Zonguldak’ın Alaplı ilçesine bağlı Gümeli ile Geçmiş altı mevkileri ortasındaki dere yatakları, etraf kirliliğine sahne oluyor. Çam ve meşe ağaçlarıyla kaplı ormanlık alanın doğal hoşluğu, denetimsiz formda dökülen binlerce ton mesken atığı ve moloz nedeniyle her geçen gün tahrip ediliyor.
Gümeli-Geçmiş altı deresi boyunca inşaat hafriyatlarının gelişi hoş boşaltıldığı tez edilirken, bu durum hem vatandaşların hem de çevrecilerin büyük reaksiyonunu çekti. Geçmişaltı’nda yaşayan Hüseyin Kumuz, dere yatağının muhafaza alanı statüsünde olduğunu hatırlatarak sert sözlerle reaksiyon gösterdi:
"Bu alanın şahıslara yahut firmalara bu formda kullanım hakkını kim veriyor, bilmiyoruz. Dere yataklarına yığılan bu molozlar bilhassa yağışlı havalarda dereye akıyor, birikmelere ve ilerleyen süreçte taşkınlara sebep oluyor. Buna göz yumulması kabul edilemez."

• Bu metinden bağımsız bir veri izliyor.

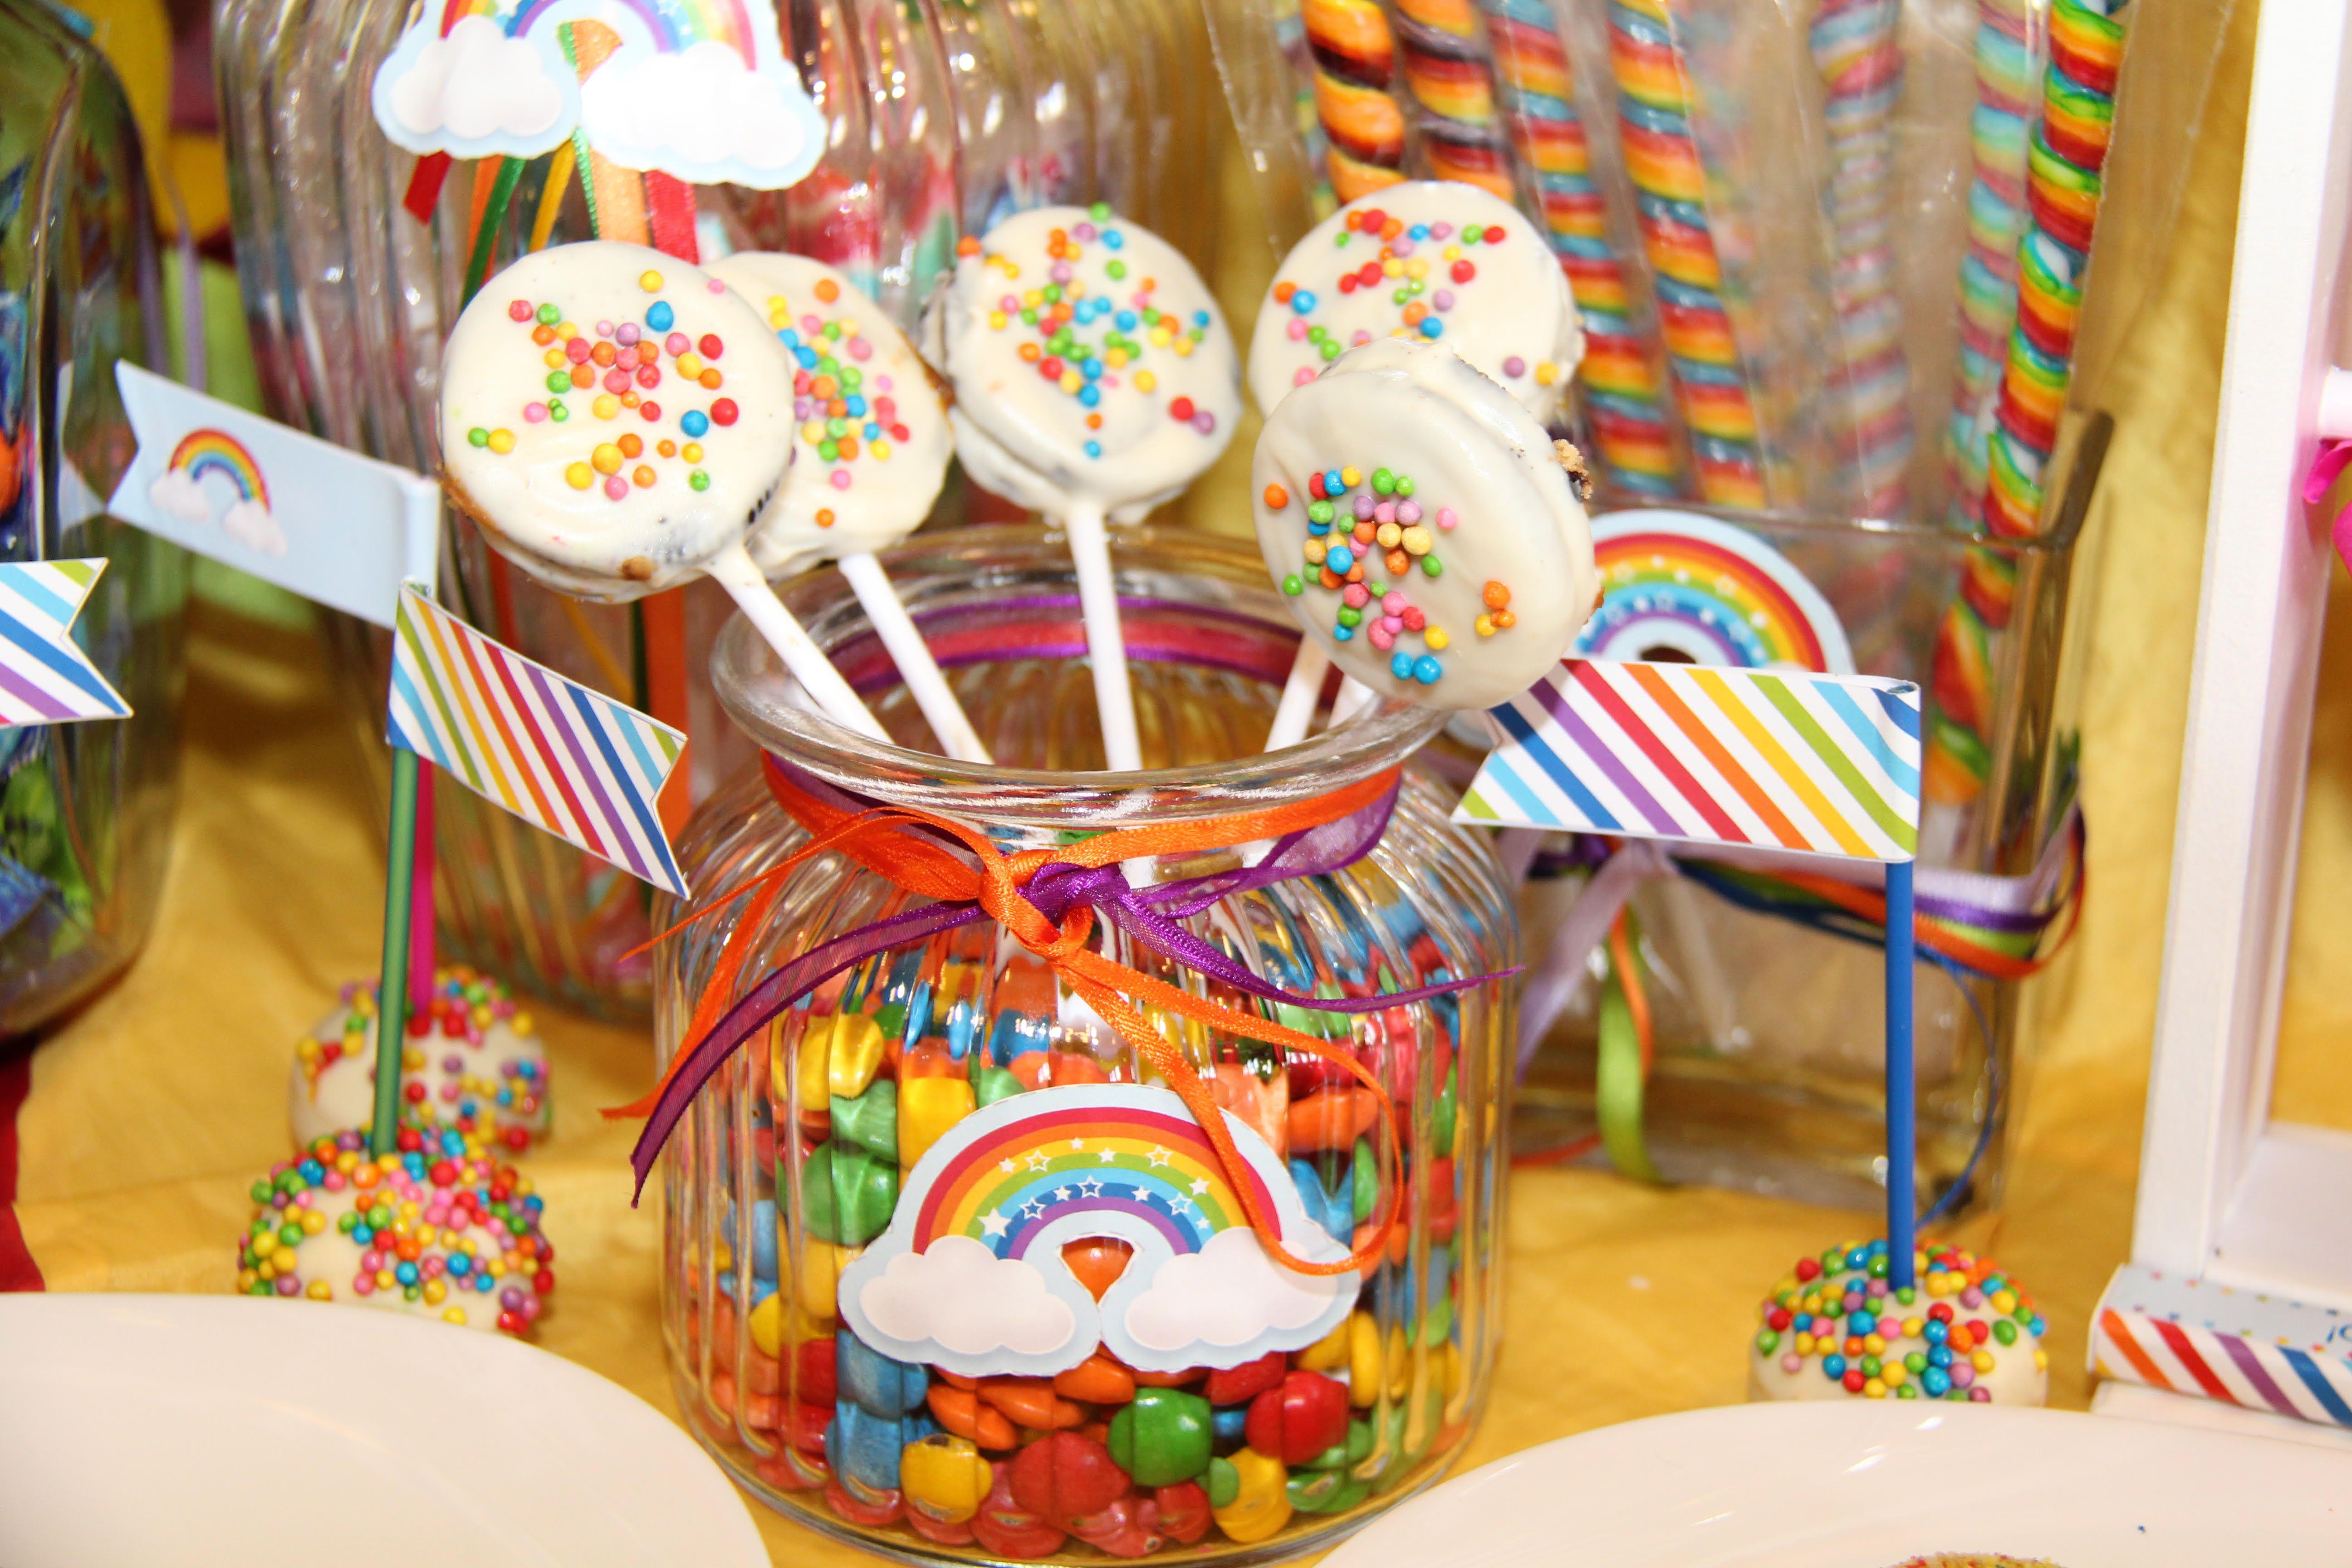 Cosas ricas mesa dulce decorada con Kit Imprimible Arco Iris

Kumuz, yetkililerin kontrol zafiyetine dikkat çekerek şunları söyledi:
"Türkiye’nin hiçbir yerinde dere ve çay yataklarına mesken atığı ve moloz dökülmez. Valilik ve ilgili kamu kurumları kontrollerini artırmalı, cezalar yükseltilmeli. Şayet caydırıcı yaptırımlar uygulanmazsa bunu yapanlar moloz döküm alanlarına gitmeyip atıklarını buraya taşımaya devam eder. Üstelik akşam saatlerinden sonra hiçbir yetkiliye ulaşamıyoruz."
Vatandaşlar, bölgenin süratle yok olmasına neden olan bu kirliliğin bir an evvel durdurulmasını ve sorumlular hakkında süreç yapılmasını istedi.